Mohamed, Prophet of Islam, established the first Islamic city in Medina, far from his beloved native city: Mecca that persecuted him and his fellowers. The date of that migration marks the “hegire” calendar or Migration calendar also called the Islamic calendar.

In Canada, we live in a land of animal migration. In and out. From here to there. From there to here. Just think of the Monarchs, those beautiful majestic butterflies flying thousands of miles from Canada to Mexico, laying their eggs along their southern routes and later returning to their homeland. But in reality where is their homeland: Canada or Mexico? The species can’t survive without both. So home is a little bit “here” and a little bit “there” and vice versa…

Think also about the annual salmon run going against the current from the Pacific Ocean to spawn and later die in the rivers of the interior lands. Their offspring take the opposite route from the rivers to the cold and open water of the Pacific Ocean where they will grow and strive.

And how about Caribou migration where every year many thousand of animals migrate from the tree-line to the calving grounds of the remote Artic Tundra and then back again to the summer and autumn. These animal migration are today strong symbols of who we are as a country but why do we forget them when it comes to human beings?

These animal migration cycles came to be seen as natural phenomenon and part of the natural balance of our ecosystem. Many animals die in the process but the general population survive and get stronger and healthier because of it.

So why, when it comes to human migration, barriers are established, walls are built and military check points are strongly defined and enforced?

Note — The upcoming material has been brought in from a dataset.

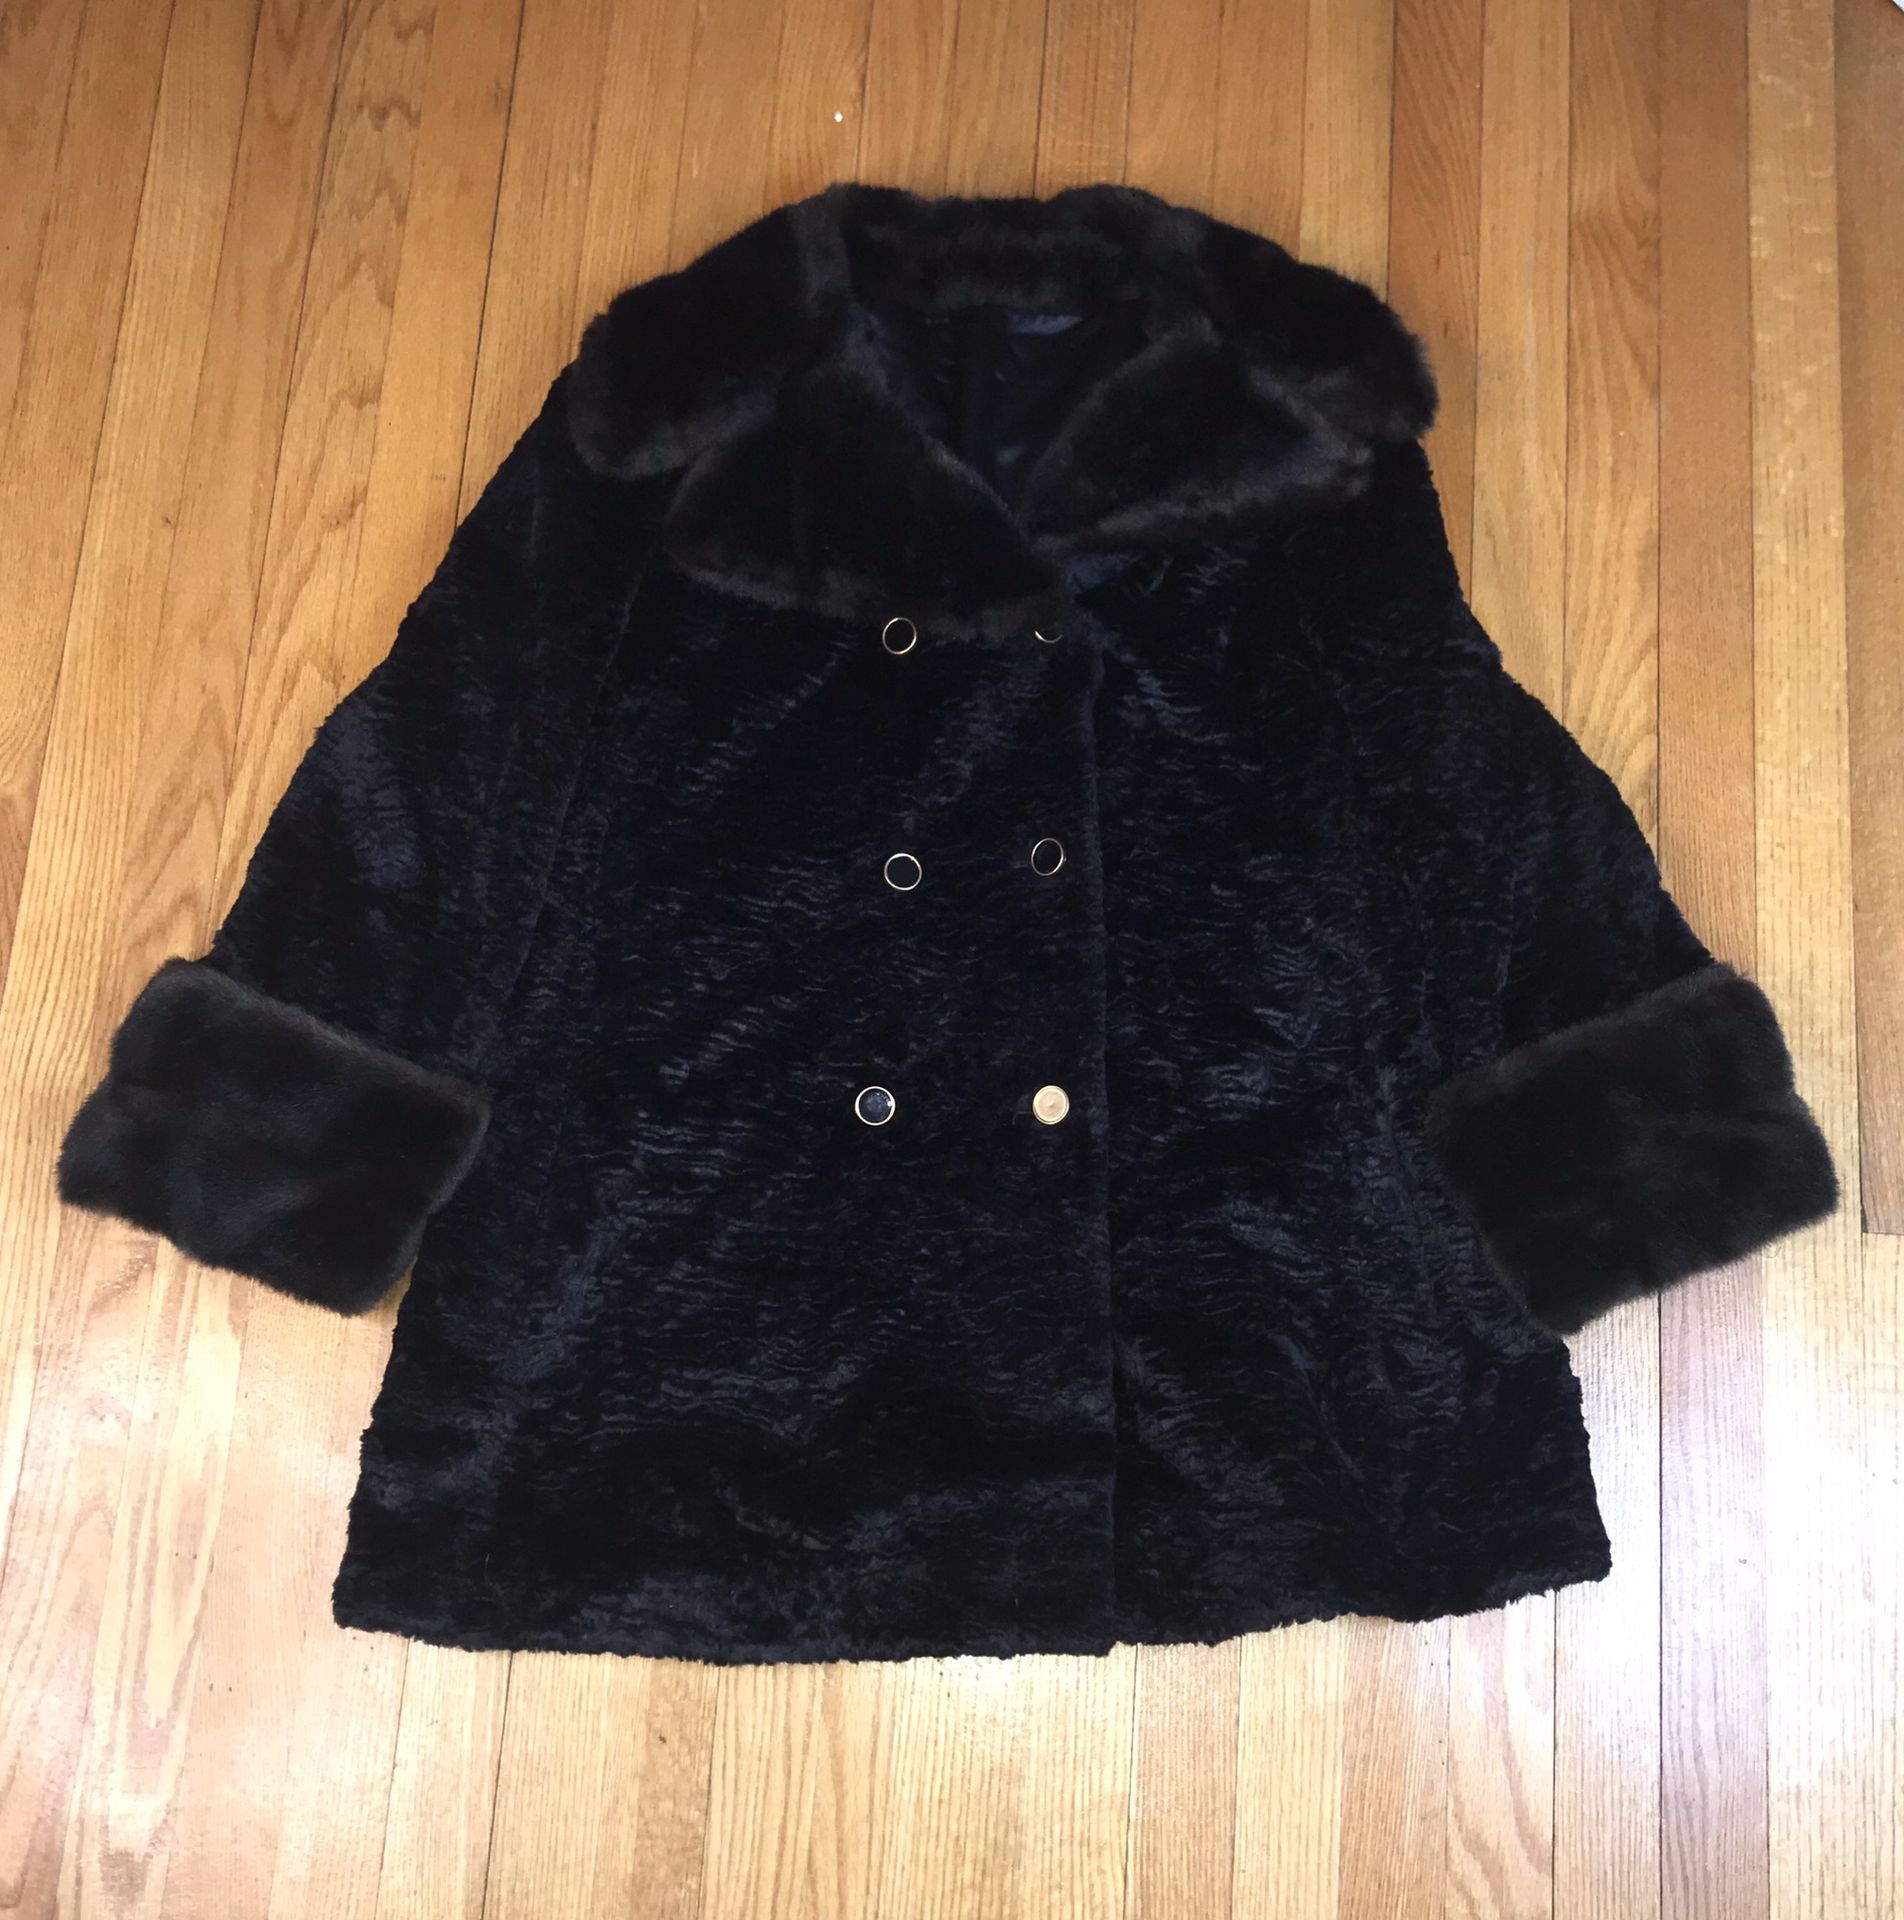 Vintage Aristocrat Genuine French Simulation Fur faux Lytton's Sycamore Brown Coat Gently used * Disclaimer * One button is missing a black top

In the last years, the Mediterranean Sea has become to represent a hecatomb, a multifaith and multi racial graveyard of people dreaming of a better life. People fleeing wars, persecution, and poverty. People looking for a better future for their children: decent lives, a good education and most importantly peace.

But this is not what we are hearing in the media or by some populist politicians. These refugees, are depicted as economical, cultural, and identity threats. Very few countries had the political courage to accept them and let them integrate in their societies and help them fulfill their dreams. Instead the majority of European countries for instance, refused to accept more refugees. They purposely changed their laws to stop these big numbers of people arriving from Syria, Iraq, Afghanistan, African countries, at their shores. Not only this, but the refugees are today tracked through drones, their biometrics data taken and shared with police and government agencies. They became to be represented as a homogenous entity; they are portrayed as looking the same, eating the same, behaving the same. As if refugees is a sub human groups with less humanity and more problematic behaviours. This narrative is dangerous; it perfectly fit the narrative of division between “us” and” them”. It makes the “us” feel better in their own bubbles and it makes the refugees and newcomers look like the “barbaric herds” that can never be trusted to be part of the “us”.

But once again, who is “us” and who is the “them”? Aren’t we both “us” and “them”? Isn’t there a fluidity and resilience in our common humanity that makes us simultaneously the same and different? It is exactly this human characteristic that is being attempted to “erase” or overlooked within the refugees and that is after all despite all odds always present and that would finally brings us together.


Monia Mazigh is an author and National Coordinator of the International Civil Liberties Monitoring Group.